2. Lines are not in the same line-numbers across the files

I did try some things with awk based on google searches but I couldn't extract the data of each file into a single line (this is the ultimate goal):
john,whatever,123456

I don't have knowledge other than having put some bash scripts together for backup jobs, so I am open to install anything that could help to pull this off.

Any help will be greatly appreciated.
Regards.

xeleema · 08-28-2010, 06:24 PM

Greetingz!

Sounds like you might want to use "egrep". I would suggest first reading the man page for the command, however the following command may help;

egrep -i "name:|phone:|address:" /path/to/files/*

Each pattern you want to find is separated by the pipe ("|") symbol, and the entire set of patterns must be wrapped in the double-quote character.

Frakk · 08-28-2010, 06:35 PM

wow, that was a quick reply !!

It does extract the data, but every item is still dumped to a single line, and I need to combine/chain them into a one line per original file (actually csv file).

That is the part where I got stuck :S

TIA

xeleema · 08-28-2010, 06:49 PM

Ah!

Okay, well then I would pipe that output from the "egrep" command I mentioned earlier to awk (and maybe sort, too)

egrep -i "name:|phone:|address:" /path/to/files/* |\
awk 'NR == 1 { line = sq $0 sq } { line = line "," sq $0 sq } END { print line }'

Now, for some darn reason, this will repeat the first field twice.

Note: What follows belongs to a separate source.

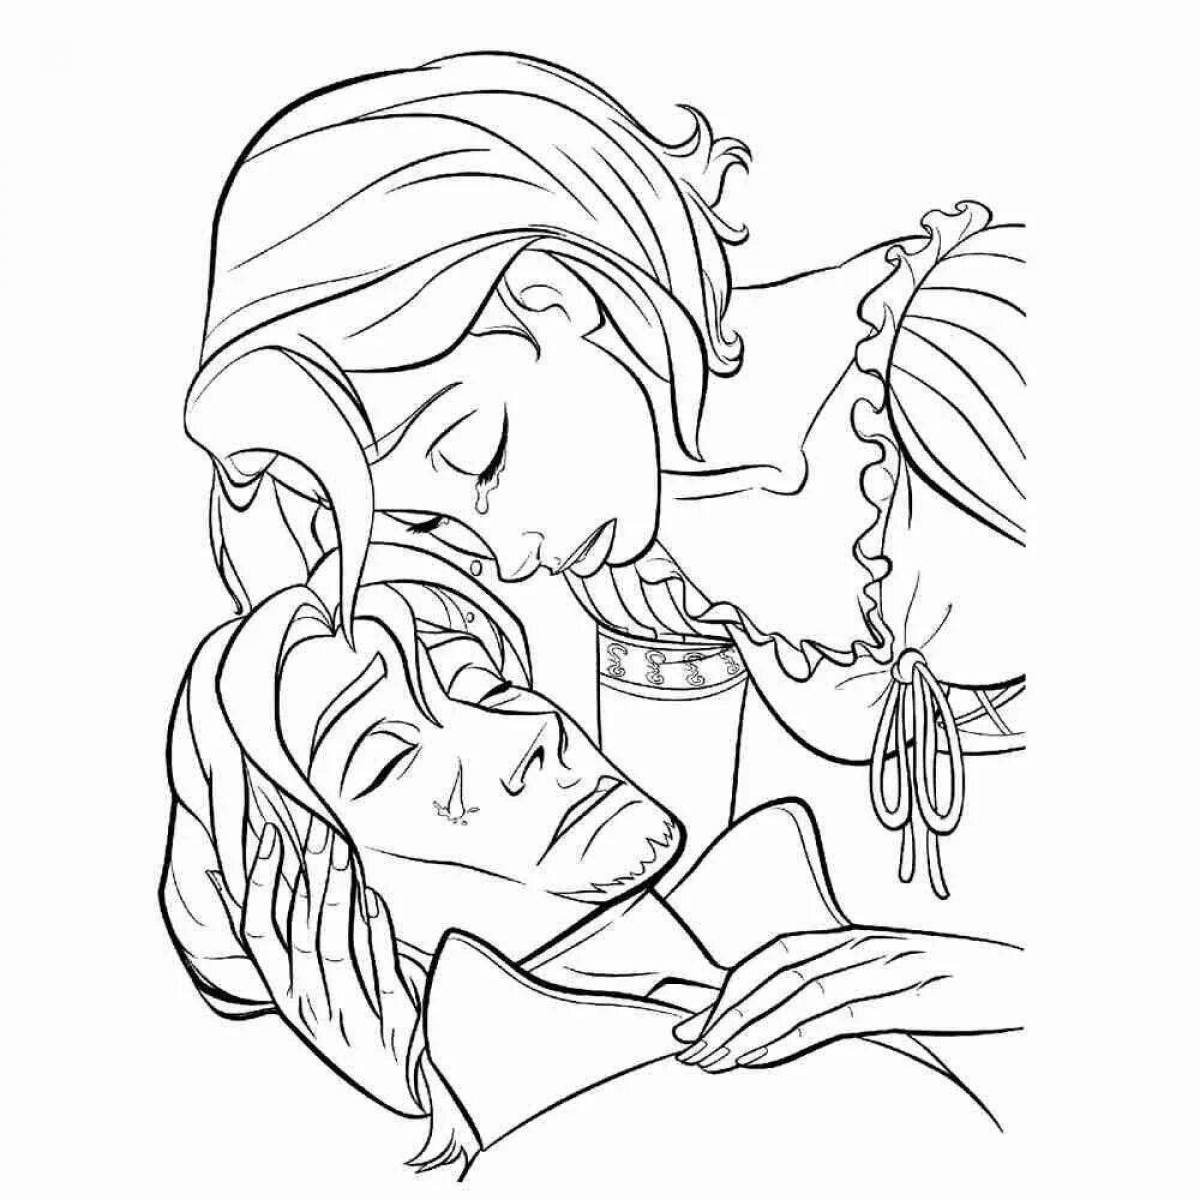 Rapunzel and Eugene coloring book

I have *no* idea why, so if anyone else chimes I'd really appreciate it.

crts · 08-28-2010, 06:49 PM

Hi,

Try this
sed -n ':mark /phone:/ ! {N;b mark}; /phone:/ {s/name:[ ]*//;s/phone:[ ]*/,/;s/address:[ ]*/,/;s/\n//g;p}' infile > outfile

This assumes that there is no 'junk' in between the records. If there is only one record per file then the command can can be simplified.

Hope this helps

Frakk · 08-28-2010, 07:48 PM

@crts

thnks for the suggestion, however, that code is giving me individual lines too and, more importantly, my source files do have garbage before the contents I really need and that is getting dumped too.

Quote:

Originally Posted by xeleema

egrep -i "name:|phone:|address:" /path/to/files/* |\
awk 'NR == 1 { line = sq $0 sq } { line = line "," sq $0 sq } END { print line }'

Not sure if I am doing something wrong, but for this data

Code:

nombre_apellido: John
direccion: TheStreet 123
ciudad: TheCity

I am getting these results (I matched the "fields" as my original example had dummy fields sorry)

Code:

,ciudad: TheCitytreet 123

Seems like everything is getting piled up. That is processing a single file, it gets worst when it goes through all of them.

TIA

crts · 08-28-2010, 08:05 PM

... and that is exactly why you should always give a representative example of your data. This was not obvious from your initial post. In fact, your description implied that there is nothing in between.

Code:

sed -n '/nombre_apellido:/ {:mark /ciudad:/ ! {N;b mark}; /ciudad:/ {s/nombre_apellido:[ ]*//;s/ciudad:[ ]*/,/;s/direccion:[ ]*/,/;s/\n//g;p};}' infile > outfile

If this still does not match then provide some representative sample data. I am not going to *guess* what your file might look like.

Frakk · 08-28-2010, 08:34 PM

My apologies, it didn't seem it could cause any harm at the time...
Lesson learned.

The results of your new version are much closer:

Code:

John

,TheStreet 123

,TheCity

The empty line are part of the results.

It probably doesn't matter now as you resolved that, but the data above what I need to extract is
userid: 123456
userstatus: 1
usergroup: somegroup

And there are more items at the end which I don't need.
Whether the fields are present or not varies from one file to another.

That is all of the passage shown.